- YOUR GOAL
Only the lines from the one containing "The Holy Roman Empire under Hohenstaufen" through the end of the listing belong in the answer, repeated exactly, with no pictures.

DATA EXCERPT START

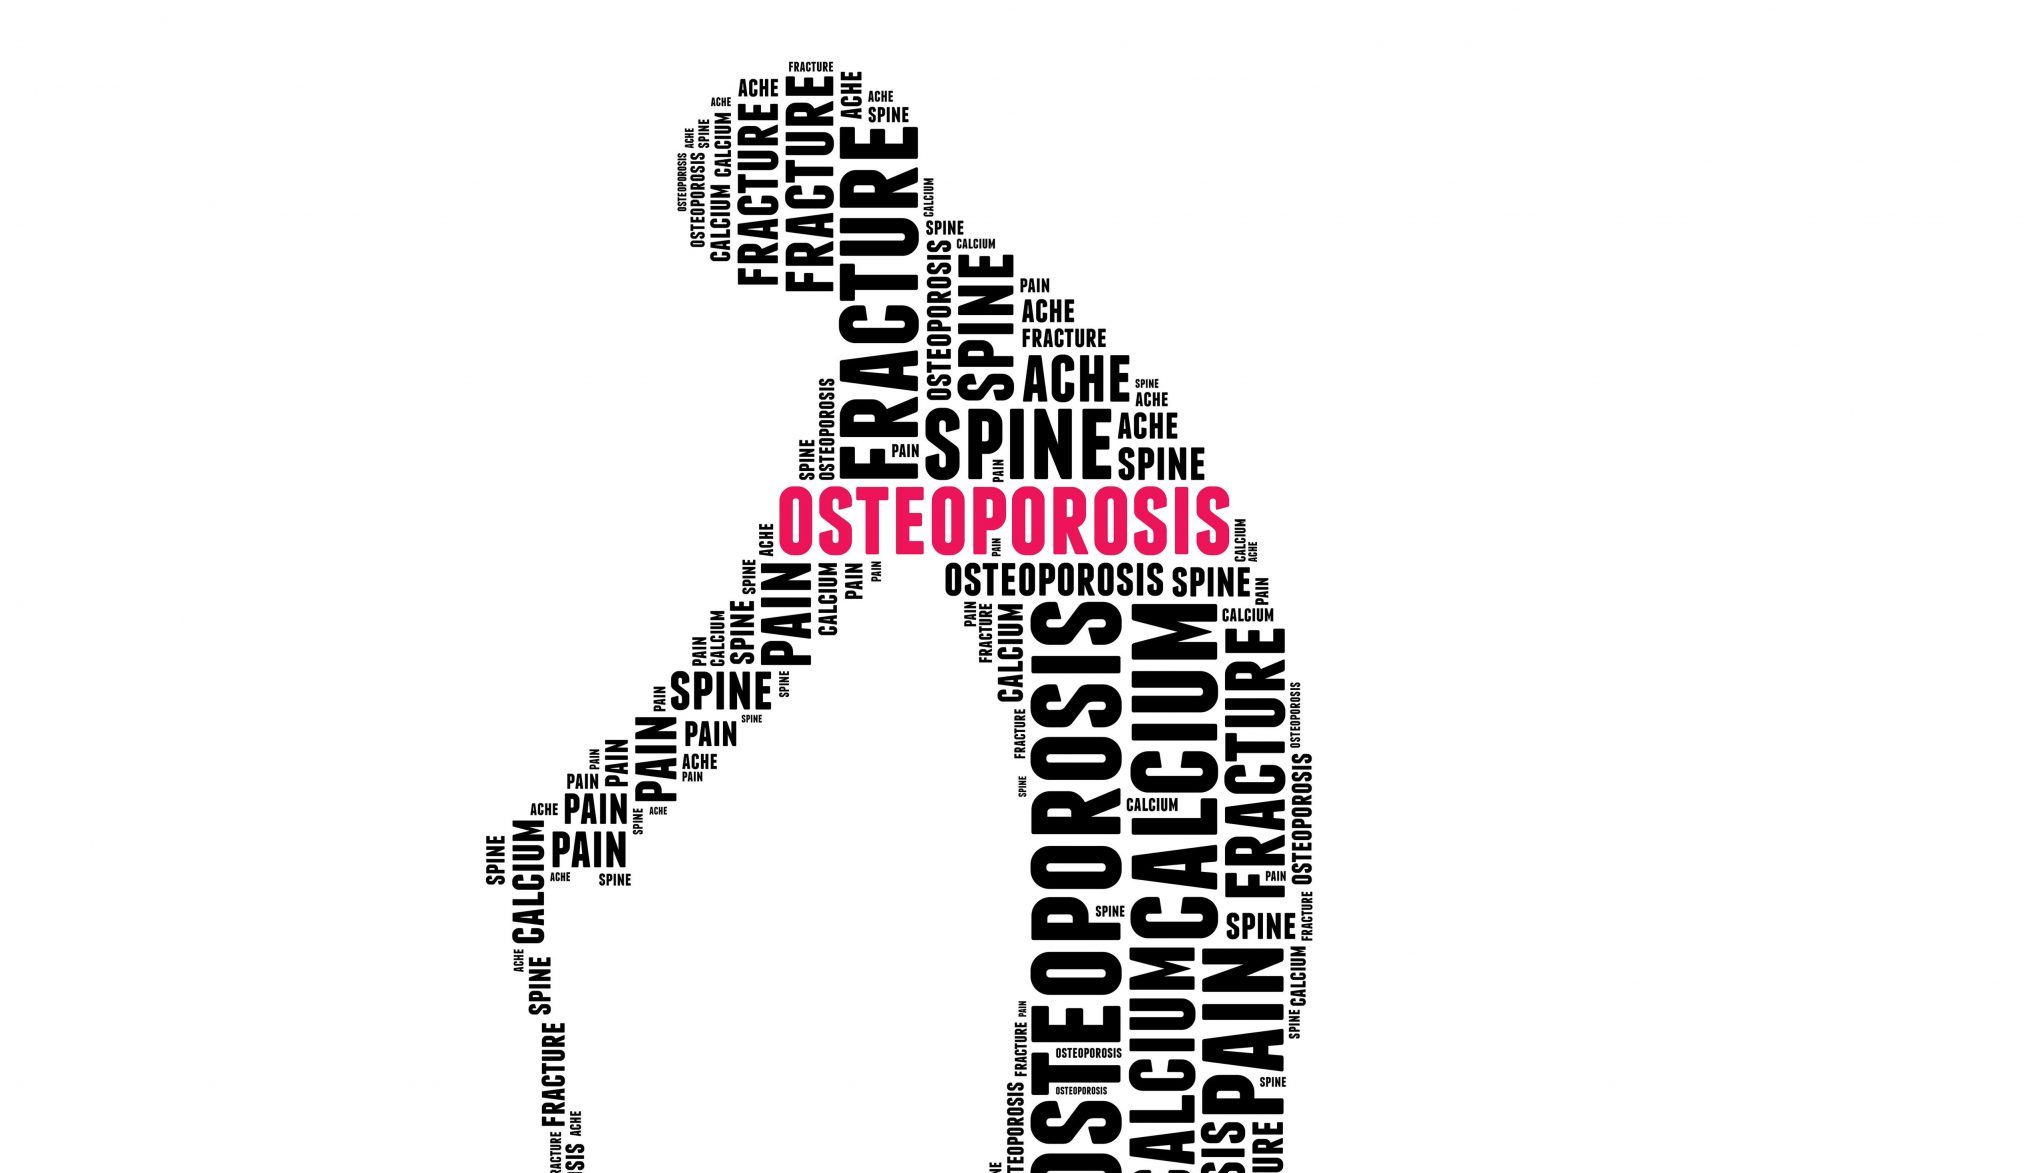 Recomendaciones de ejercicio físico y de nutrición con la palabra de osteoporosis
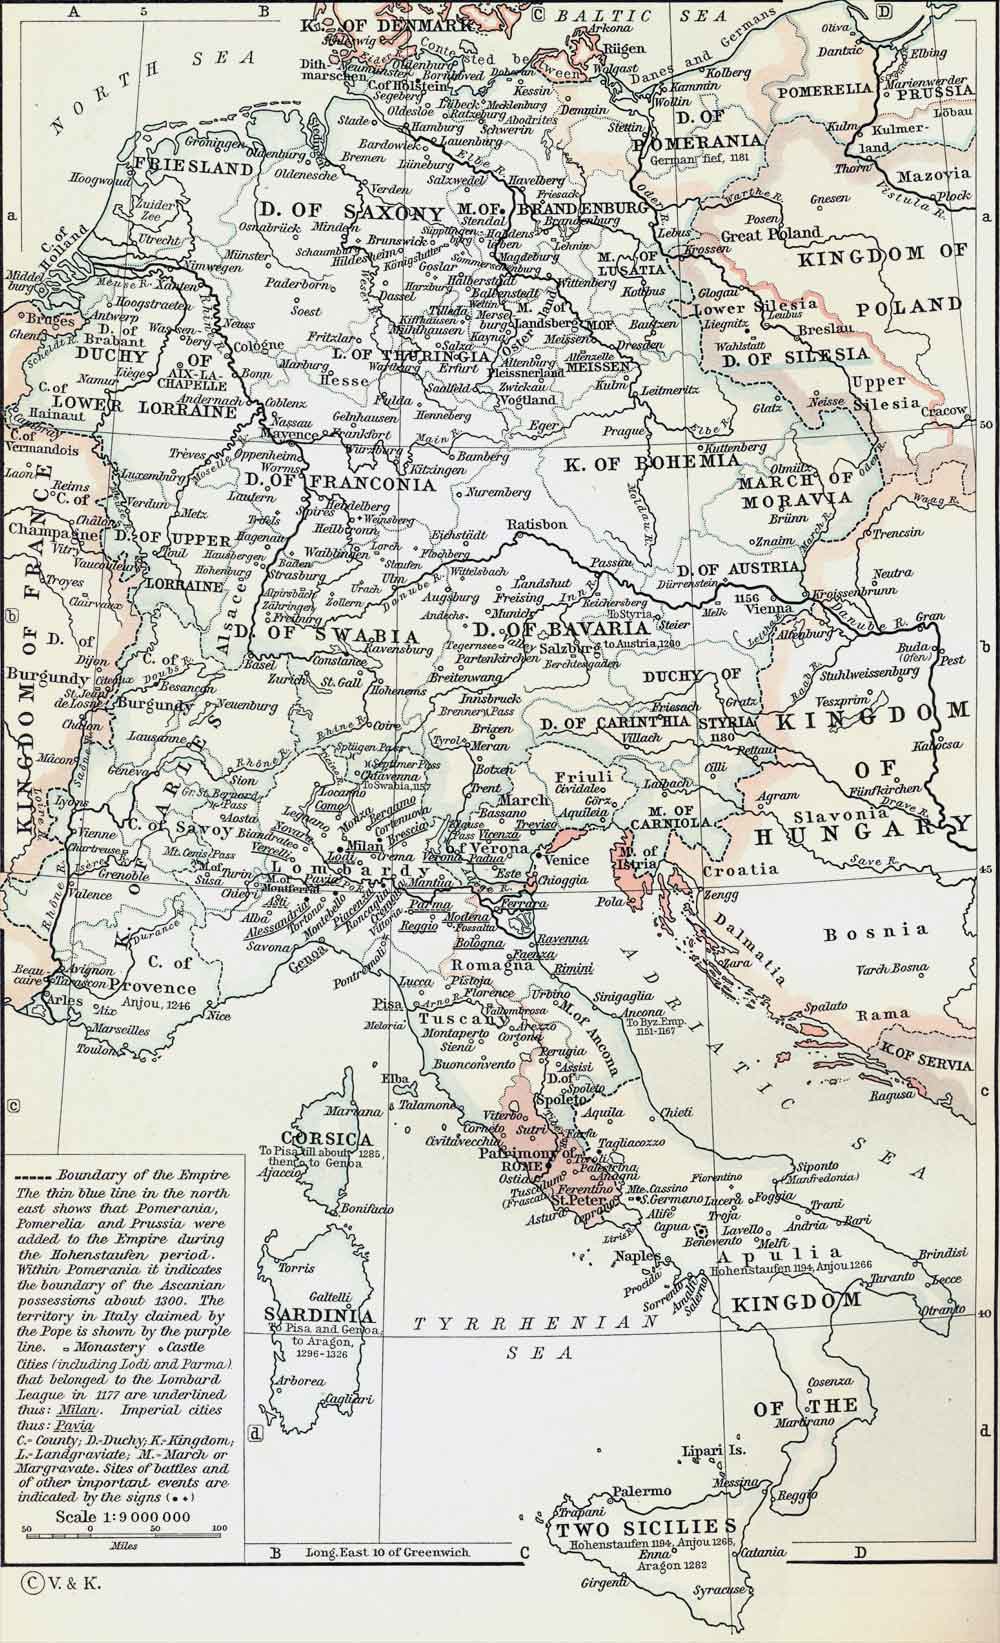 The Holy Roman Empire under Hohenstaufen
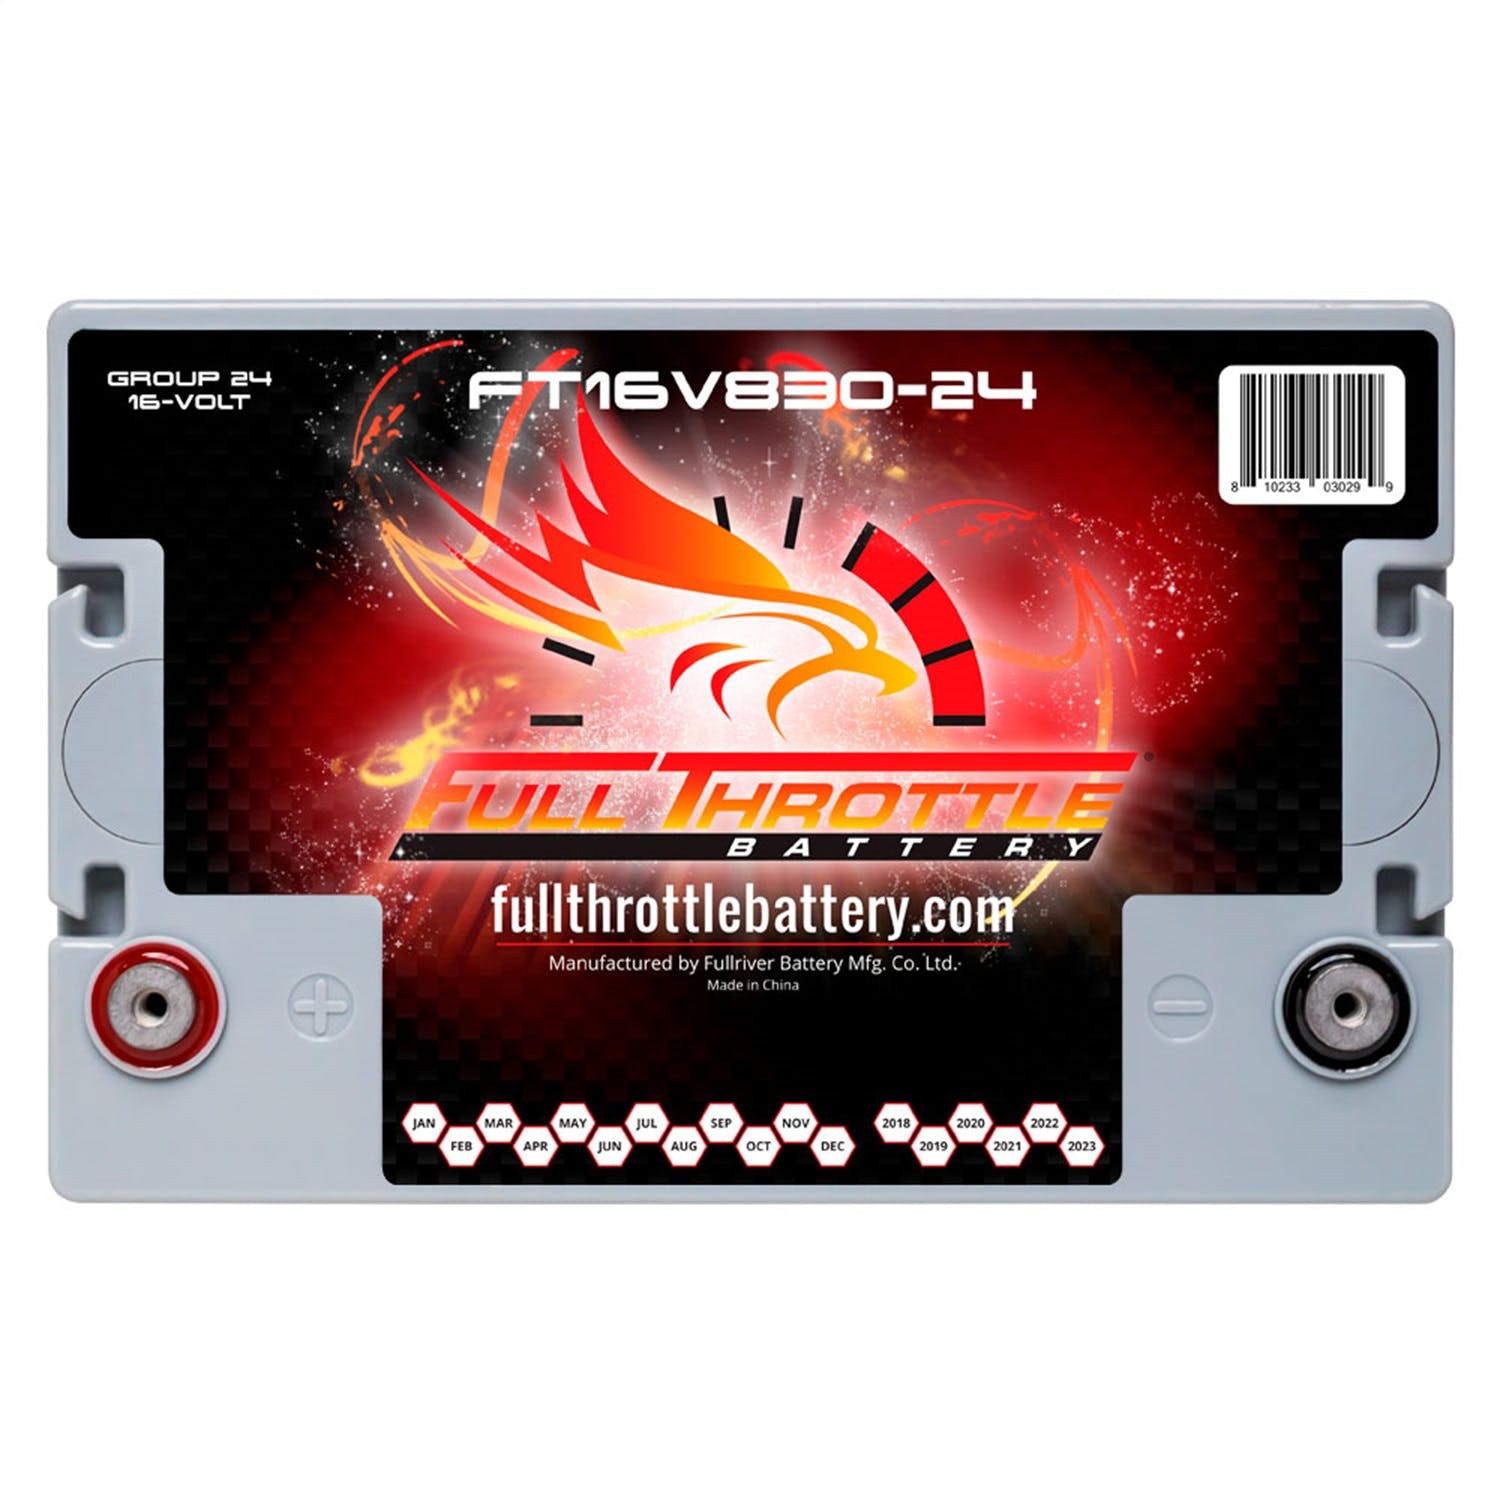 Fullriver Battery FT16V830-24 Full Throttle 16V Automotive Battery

DATA EXCERPT END

- SOLUTION BELOW
 The Holy Roman Empire under Hohenstaufen
 Fullriver Battery FT16V830-24 Full Throttle 16V Automotive Battery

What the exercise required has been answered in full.